With regard to ornamental expenses, the lessee shall not be entitled to any
reimbursement, but he may remove the ornamental objects, provided no damage is
caused to the principal thing, and the lessor does not choose to retain them by
paying their value at the time the lease is extinguished.
Article 1678 modified the (old) Civil Code provision on reimbursement where the
lessee had no right at all to be reimbursed for the improvements introduced on the
leased property, he being entitled merely to the rights of a usufructuary the right of
removal and set-off but not to reimbursement.[
Contrary to respondents position, Articles 448 and 546 of the Civil Code did not
apply. Under these provisions, to be entitled to reimbursement for useful
improvements introduced on the property, respondents must be considered builders
in good faith. Articles 448 and 546, which allow full reimbursement of useful
improvements and retention of the premises until reimbursement is made, apply
only to a possessor in good faith or one who builds on land in the belief that he is

the owner thereof. A builder in good faith is one who is unaware of any flaw in his
title to the land at the time he builds on it.

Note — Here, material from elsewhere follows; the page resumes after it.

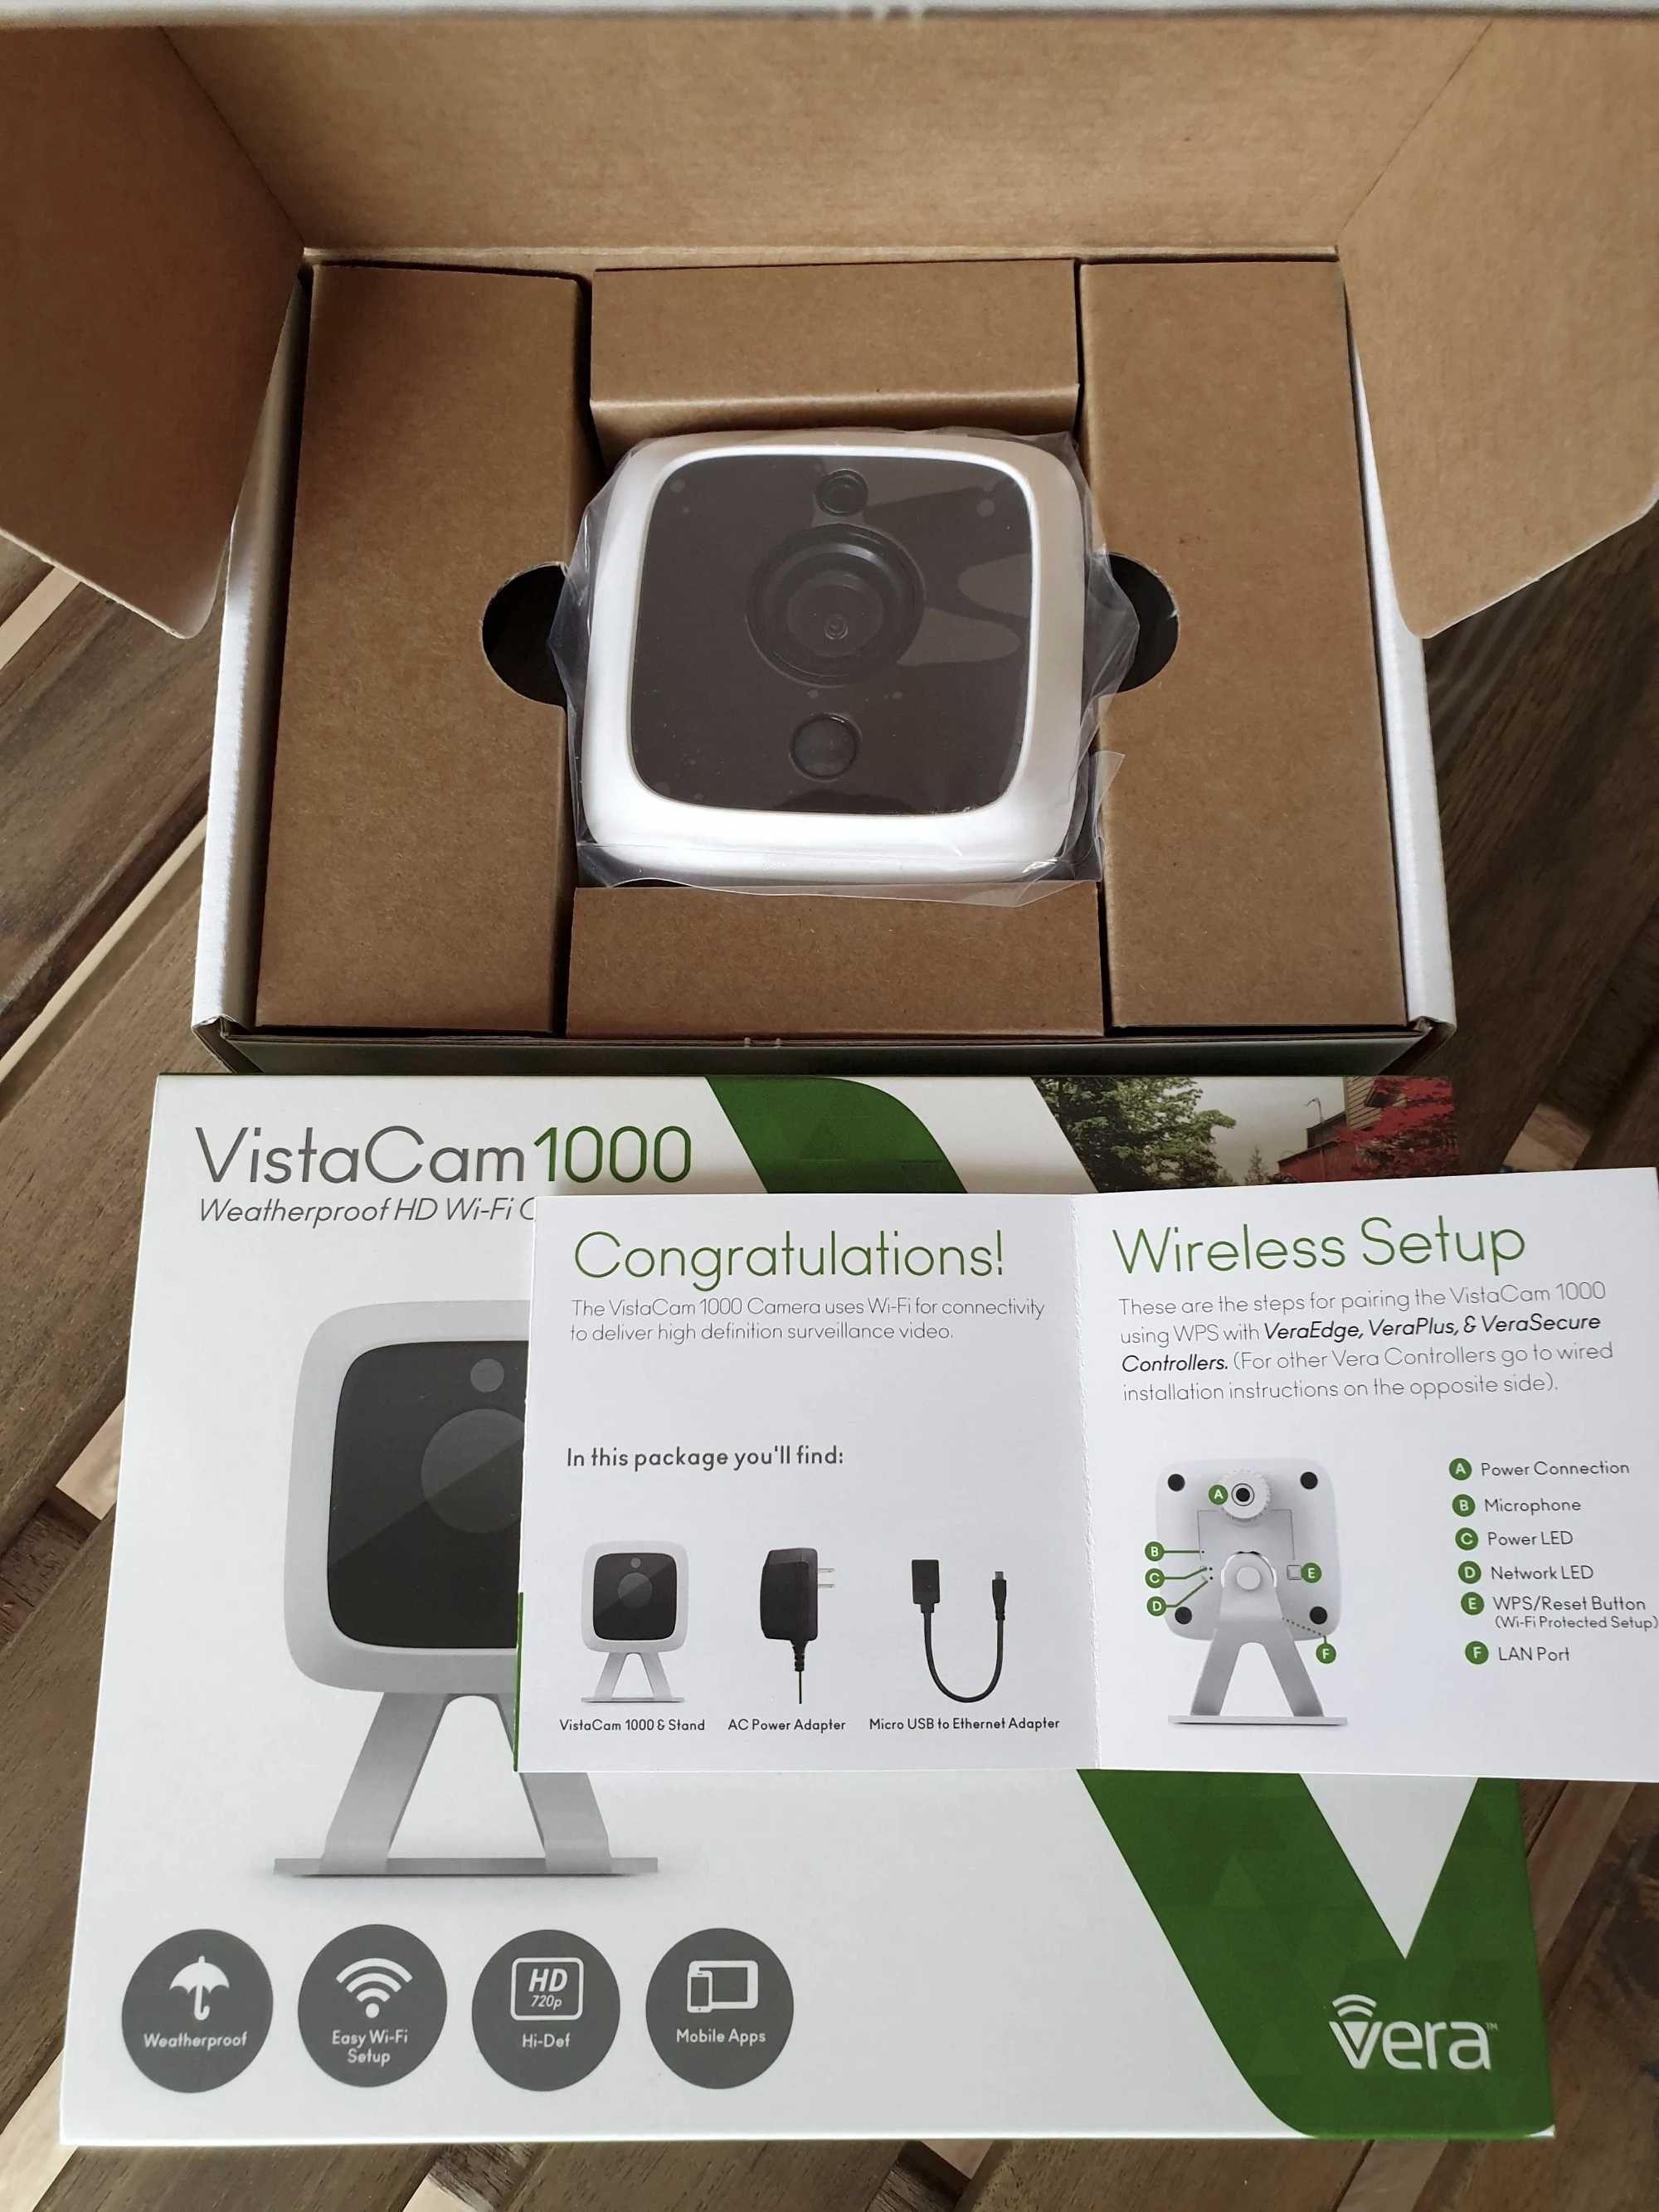 Vistacam 1000 wi-fi 720p Smart Home

This principle of possessor in good faith naturally cannot apply to a lessee because
as such lessee he knows that he is not the owner of the leased property. Neither can
he deny the ownership or title of his lessor. Knowing that his occupation of the
premises continues only during the life of the lease contract and that he must
vacate the property upon termination of the lease or upon the violation by him of
any of its terms, he introduces improvements on said property at his own risk in the
sense that he cannot recover their value from the lessor, much less retain the
premises until such reimbursement. (Emphasis supplied)

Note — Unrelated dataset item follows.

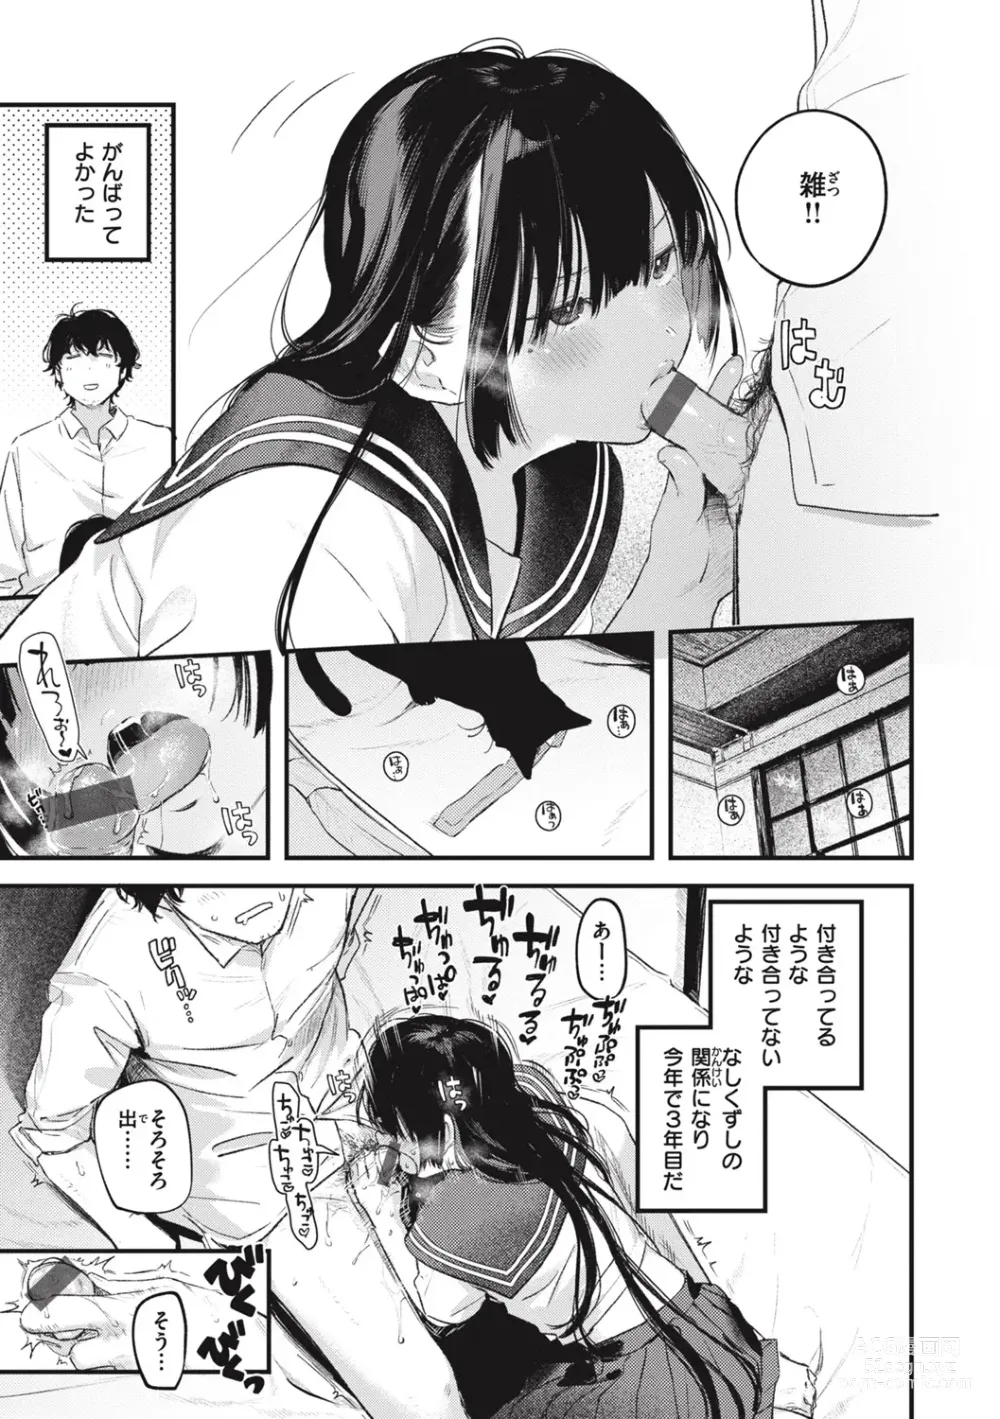 Page 11 of manga Koi no Mukidashi

Under Article 1678 of the Civil Code, the lessor has the primary right (or the first
move) to reimburse the lessee for 50% of the value of the improvements at the end
of the lease. If the lessor refuses to make the reimbursement, the subsidiary right of
the lessee to remove the improvements, even though the principal thing suffers
damage, arises. Consequently, on petitioner rests the primary option to pay for onehalf of the value of the useful improvements. It is only when petitioner as lessor
refuses to make the reimbursement that respondents, as lessees, may remove the
improvements. Should petitioner refuse to exercise the option of paying for one-half
of the value of the improvements, he cannot be compelled to do so. It then lies on
respondents to insist on their subsidiary right to remove the improvements even
though the principal thing suffers damage but without causing any more
impairment on the property leased than is necessary.
As regards the ornamental expenses, respondents are not entitled to
reimbursement. Article 1678 gives respondents the right to remove the ornaments
without damage to the principal thing. But if petitioner appropriates and retains said
ornaments, he shall pay for their value upon the termination of the lease.
The fact that petitioner will benefit from the improvements introduced by
respondents is beside the point. In the first place, respondents introduced these
improvements at their own risk as lessees. Respondents were not forced or obliged
to splurge on the leased premises as it was a matter of necessity as well as a
business strategy.[27] In fact, had respondents only complied with their obligation
to pay the deposit/rent, there would have been no dispute to begin with.